Take A Bow Mary Toy, Teacher Of Generations Of Musicians And Music Lovers, Gives Her Last Piano Lesson In Spokane

It was Ash Wednesday, and Spokane’s own Archie Chen was seated at a piano in the Vatican in Rome.

Pope John Paul II had just finished mass, and Chen and a small group of hand-picked musicians from around the world were getting ready to play a concert for the pontiff.

The Vatican Radio Network was preparing to broadcast the concert globally. But at that moment, Chen wasn’t thinking about Beethoven’s “Spring Sonata,” the first selection of the program.

His thoughts were on a woman.

“Mary Toy was on my mind,” Chen said, thinking back to that day in February 1996. “I was just thinking about all the things she said in all those years of lessons.”

Toy has been on the minds of a lot of people lately. An icon in Spokane’s music world, Toy is moving to Kirkland, Wash., in August to be closer to her children and grandchildren.

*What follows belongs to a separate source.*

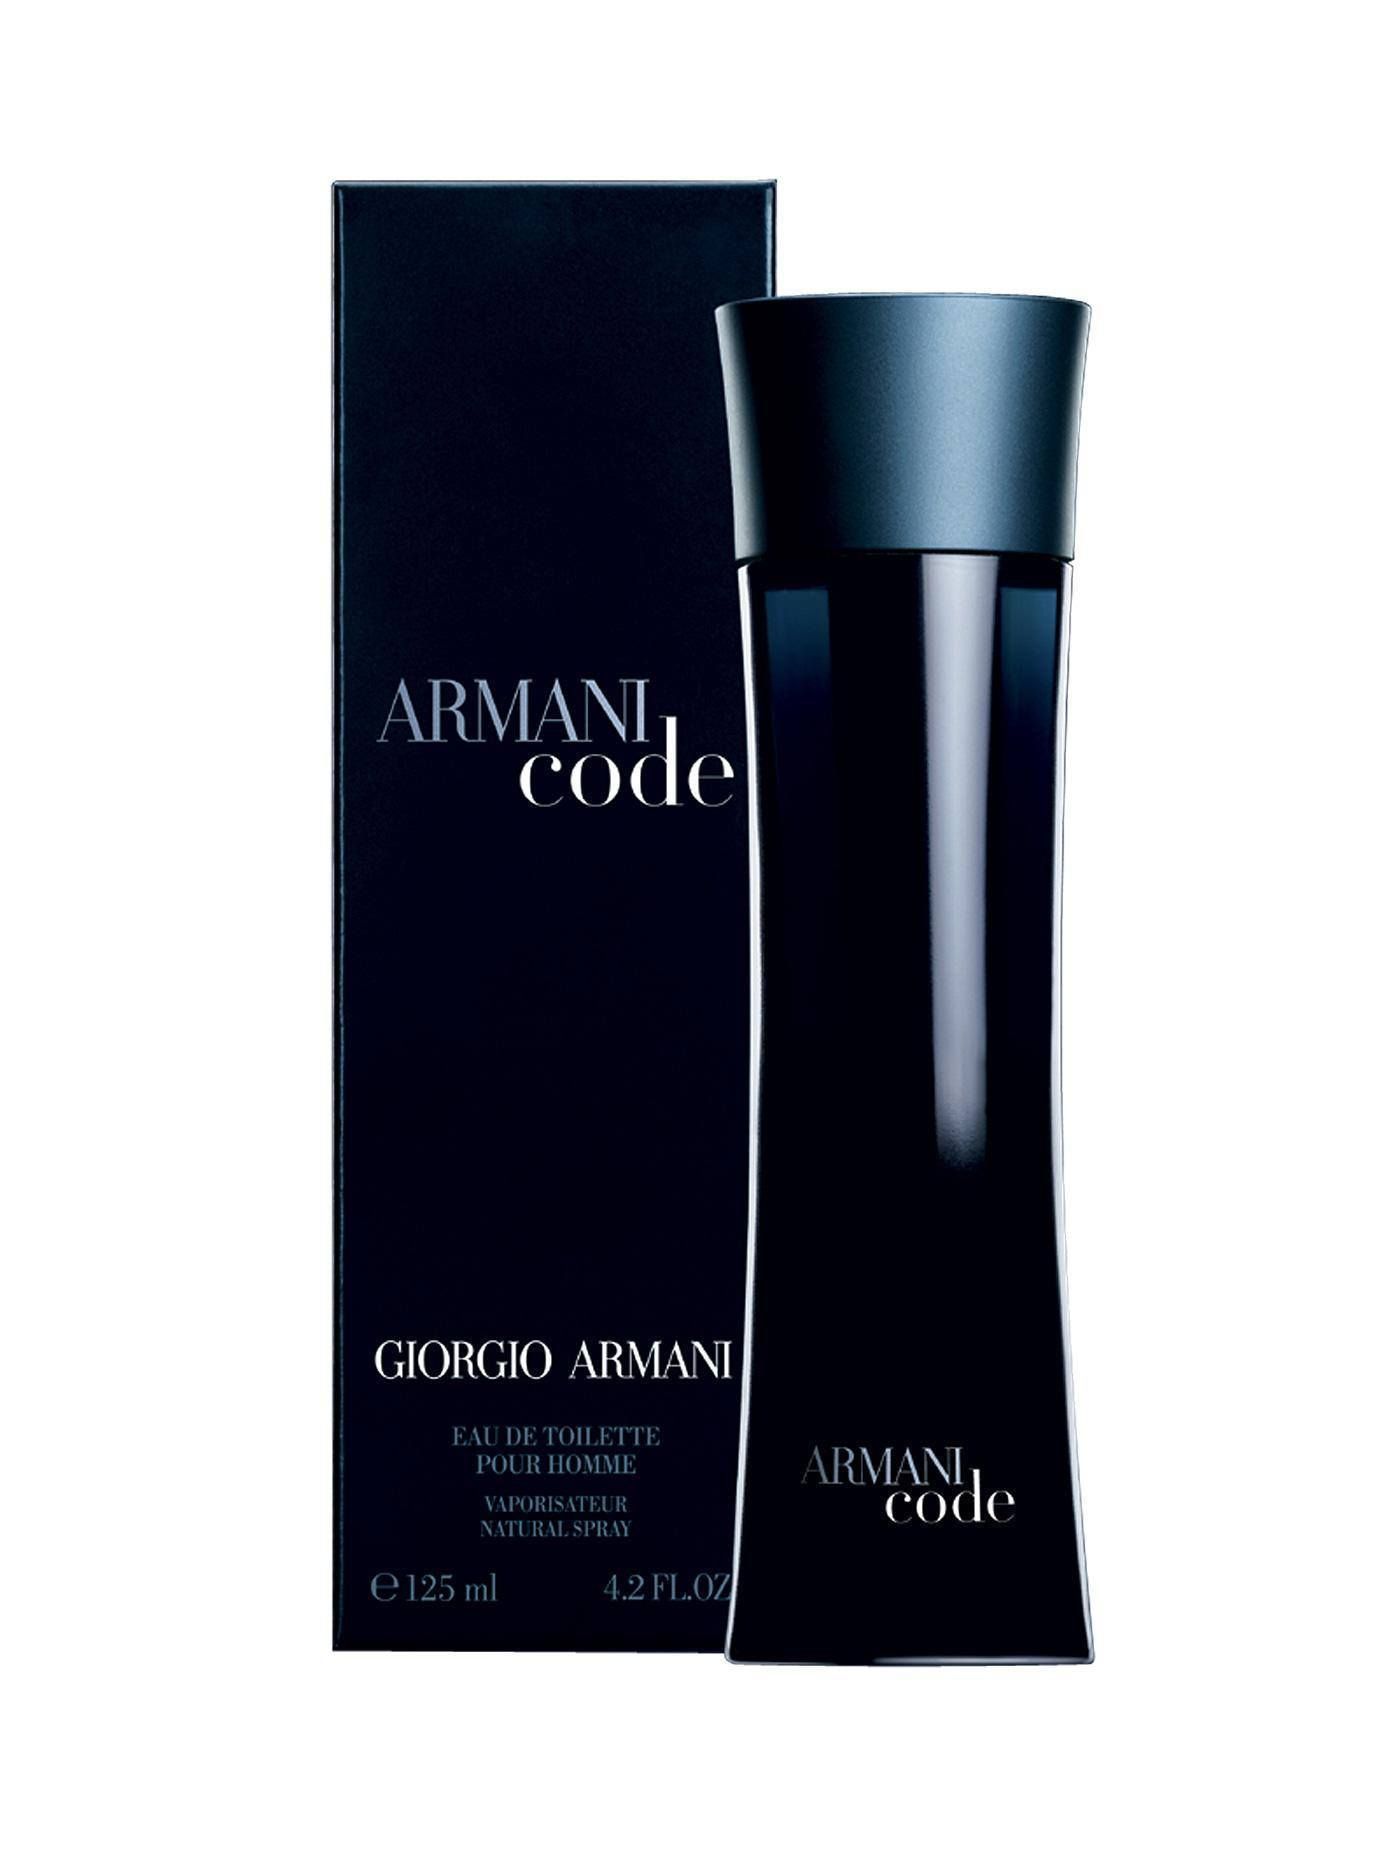 armani code perfume ingredients

She will conduct her final piano lesson today from the Toy Music Studio, which is based in her home at 2309 W. Rockwell.

The veteran instructor has lived in Spokane 42 years, although she’s passed on more years of musical expertise than that to her students.

“Her attitude is so positive,” Chen said. “It helps you become the same way.”

Chen, 20, began taking lessons from Toy when he was 6 years old. He has been gaining national recognition as a pianist since before he graduated from Mead High School in 1995.

He’s getting ready to start his third year at Indiana University in Bloomington, Ind.

“If it wasn’t for Mary, I wouldn’t be here,” Chen said. “I feel much gratitude for having met her and studied with her.”

Jill Cutler sings Toy’s praises, and she’s never even had a formal piano lesson from her. Still, tears rush to Cutler’s eyes when she thinks about the departure of the woman who has given piano lessons to her three daughters and husband in the past 30 years.

“We feel so blessed that we’ve had her as long as we’ve had,” Cutler said, hopelessly trying to dry her eyes with a dripping wet tissue.

Toy taught Cutler’s husband, Robert, when he was a child. She then taught the couple’s three daughters, Robin, Amy and Rachel.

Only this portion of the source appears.